At the start of Women’s History Month it is good to be sharing the story of Raakhi Shah who has dedicated her life to helping other women. Her journey has seen her working for Oxfam and UNICEF before joining The Circle as CEO which, as it turned out would be right in at the deep end, as the pandemic and lockdowns rolled out across the world. Read what inspired her at a young age and the wonderful work The Circle are doing right now.
D: Where did you grow up?
R: I grew up in West London, so am a Londoner at heart. I now live in the countryside, in Oxfordshire so quite a change. We have been here for a few years so it feels like home now.
D: It seems that from the beginning you've had an interest in social justice. Could you pinpoint what sparked your interest, is anyone in the family involved in it too?
R: I think there were a few things that interested me. One of my cousins worked for Action Aid around the time I was doing my A ‘levels and was trying to work out what my degree would be. My studies had focused on the sciences but I wanted to do something more human orientated. Most of my family were born and some still live in Kenya. The traditional movement of South Asians is the East Africa to England route. My cousin was born and brought up in Kenya and was working for Action Aid there. When he talked to me about his work it sparked an interest. There were also global moments that impact everybody, things like the Rwanda genocide and other reports like that, that came into my periphery, at quite an influential moment in time. All influences for my choice of my degree, International Development and Politics which I really loved. My dissertation was on Kerala which has been real interest for me because of the progressiveness of that state in India.
D: How are they progressive?
R: They've got a part communists/socialist led government, so they have really high rates of literacy and healthcare, which interested me. One of the organisations that had kept coming up in in textbooks was Oxfam. They were doing so much campaigning and research so it was always on my radar and one of the places I really wanted to work. I was lucky to get an internship there after university and then worked with them for seven years. I worked with our ambassador liaison team which was really interesting, because it covers campaigning, fundraising, media, the whole gambit. Being in an organisation, a huge campaigning organisation at a time when it had made trade fair, with big campaigns was so interesting. We were lobbying the World Trade Organisation; Make Poverty History was around that time too and doing a lot with the Oxfam shops. From the Global to the local.

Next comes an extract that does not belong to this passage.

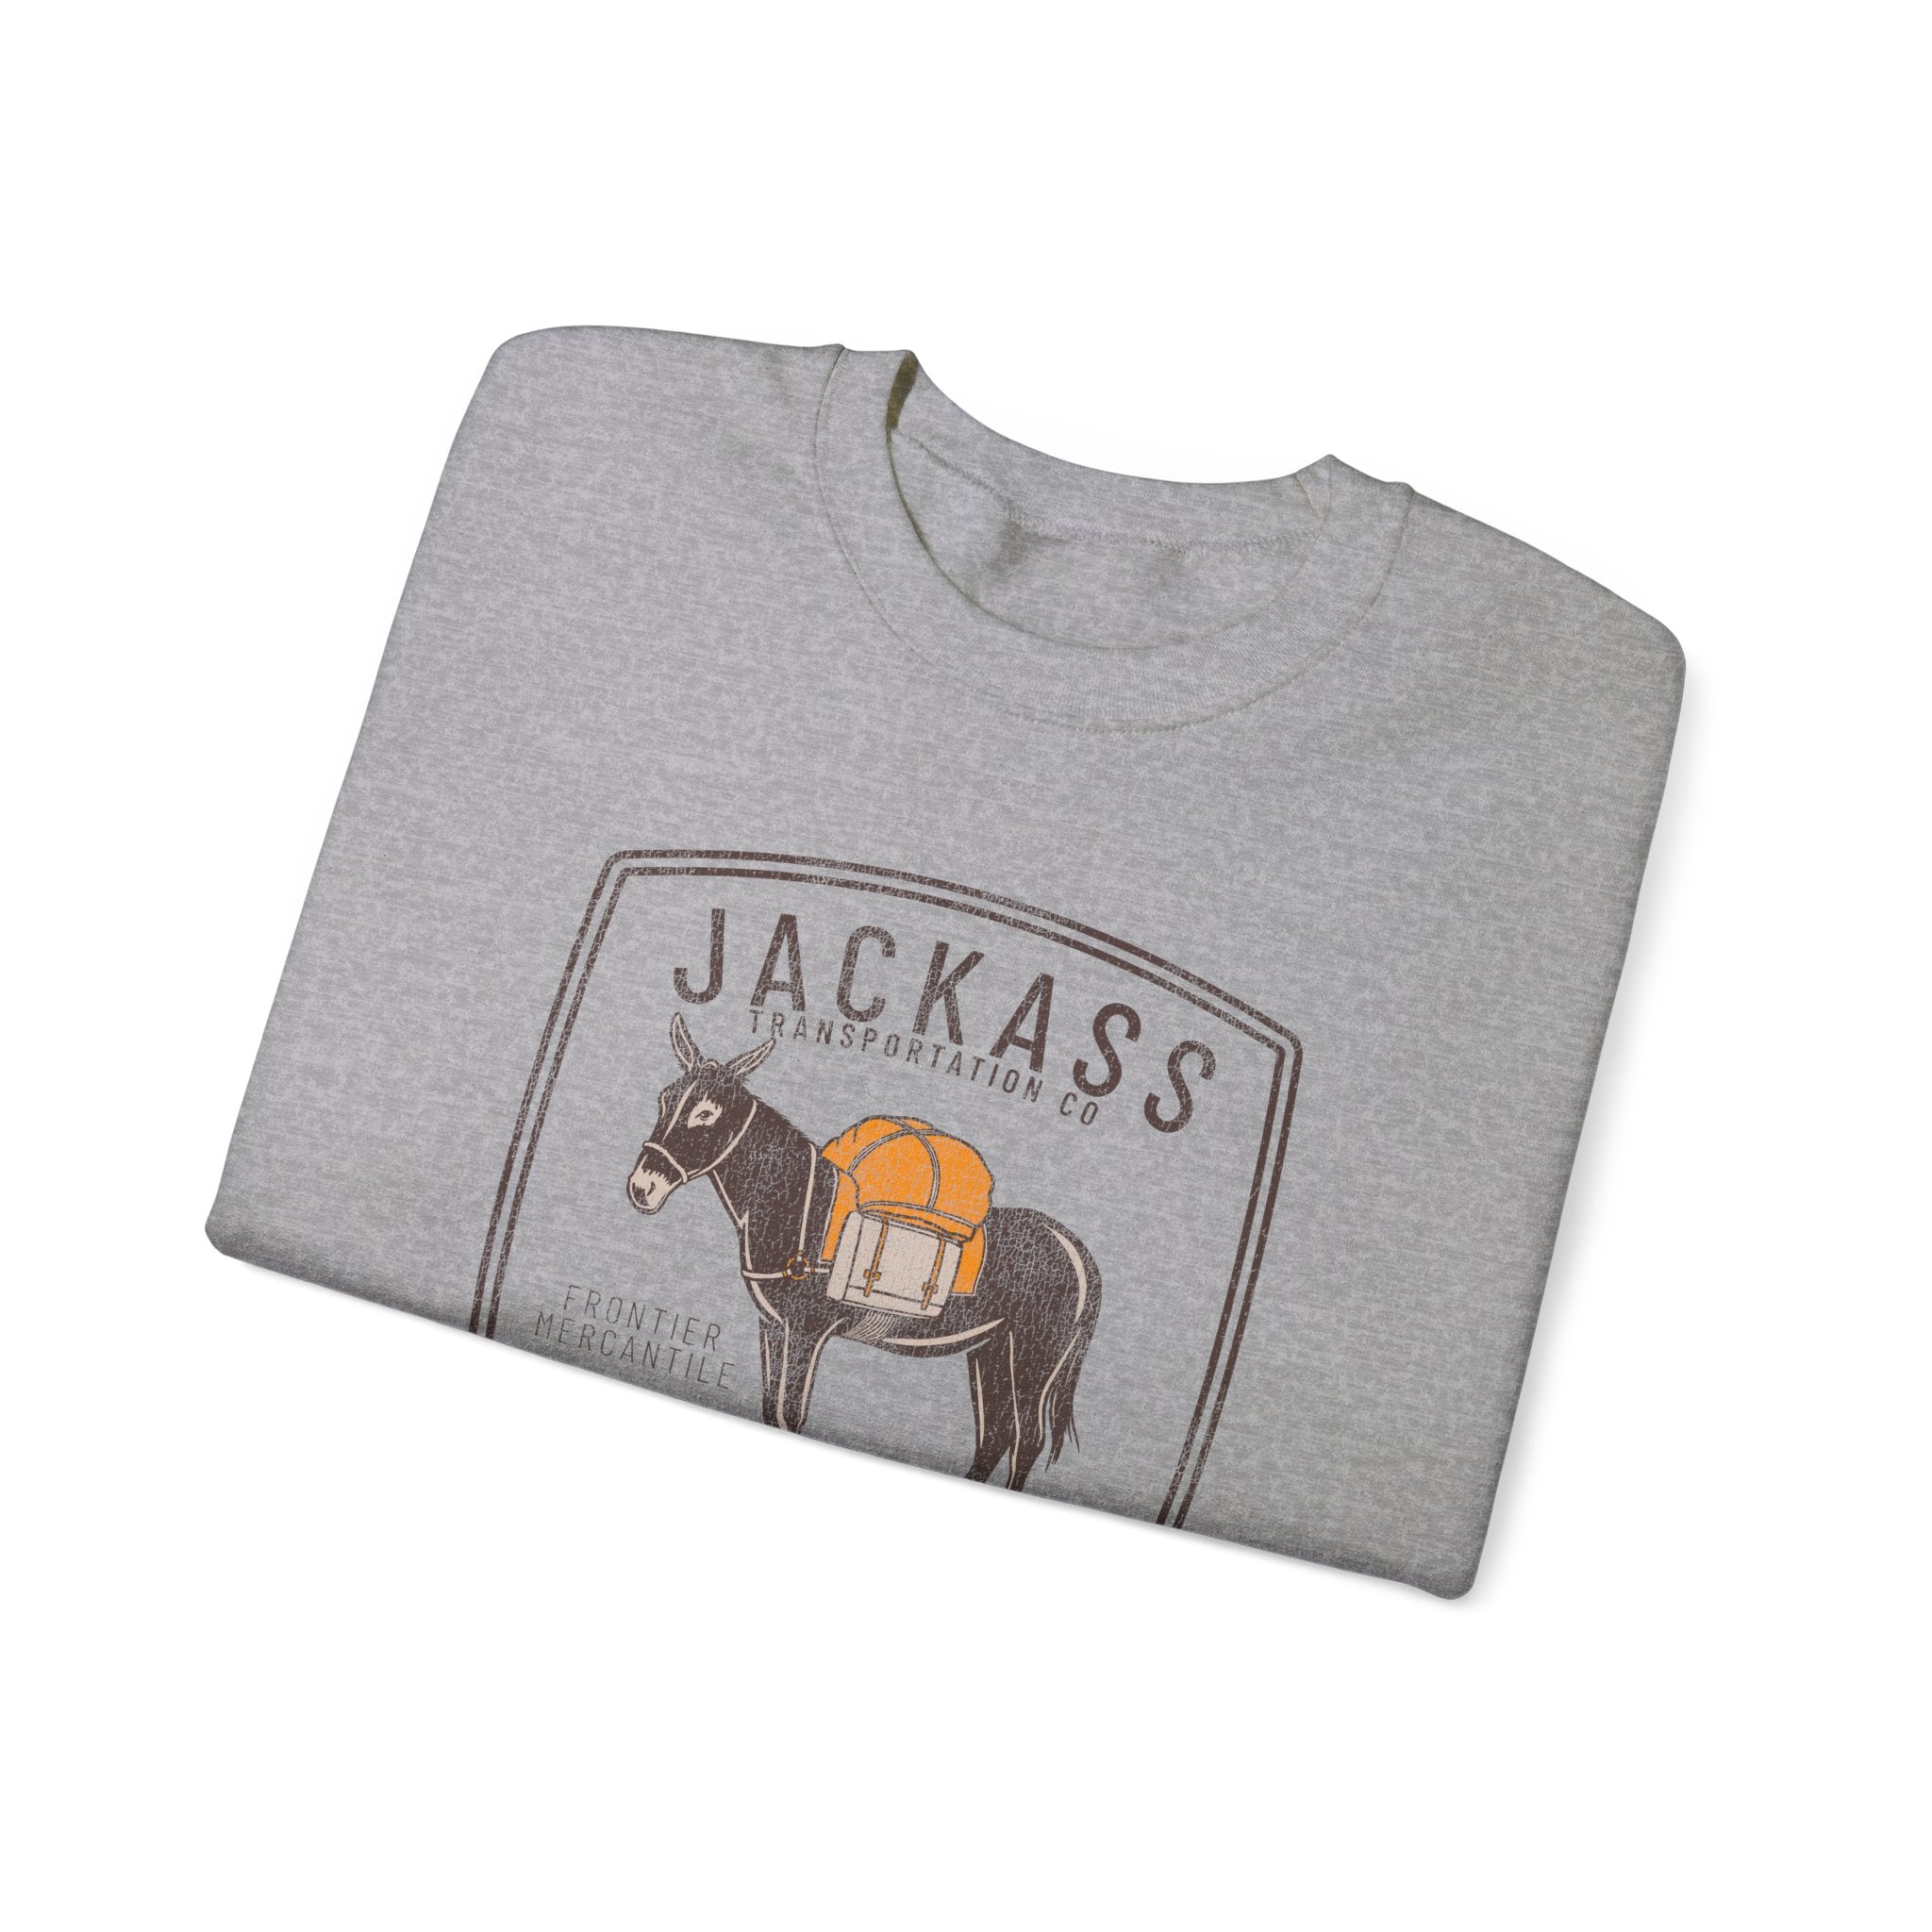 Jackass Transportation Co - Crewneck Sweatshirt

I was lucky to go on trips, I say lucky, it's not really lucky, because you are often going to see quite hard and difficult things. One of these trips was to Senegal to see their Frip Ethique work. Oxfam was one of the only charity shops that doesn't put anything into landfill. Anything that isn't sold, some of it is recycled into sofa stuffing, but one of the projects I went to see was clothing taken to a cooperative in Senegal and how they use them to make them useful again. There was a particular campaign on bras, a lot of those countries don't have very good quality bras and particularly underwired bras so were looking out for those. Obviously fresh and clean but important for empowering women.
After quite a few years of working on different campaigns with different high level names including Annie Lennox, Bill Nighy and others, I then worked at UNICEF for 7 years. Again that was brilliant, being in a big UN organisation and the UK arm it was extraordinary.
However, we should probably go back a step, because Oxfam was where The Circle was set up as a project. Annie Lennox had the idea of The Circle in her garden and I was there at the first couple of dinners were she brought extraordinary women together around the table and the nugget of The Circle built and built over those years.
The ethos behind it was very much about women empowering women. Back then I remember working on a campaign with Annie and others called The Equals campaign. One of the things we were trying to do was around International Womens Day to make it more famous. We were ringing up journalists and editors to see if we could do a takeover and nobody was interested. Yet now lo and behold now International Womens Day is everywhere. Annie talks about the word feminism at the time it wasn't everywhere, those cultural shifts that can happen, take place overtime. At that time The Circle was unique and still continues to be so in its own way.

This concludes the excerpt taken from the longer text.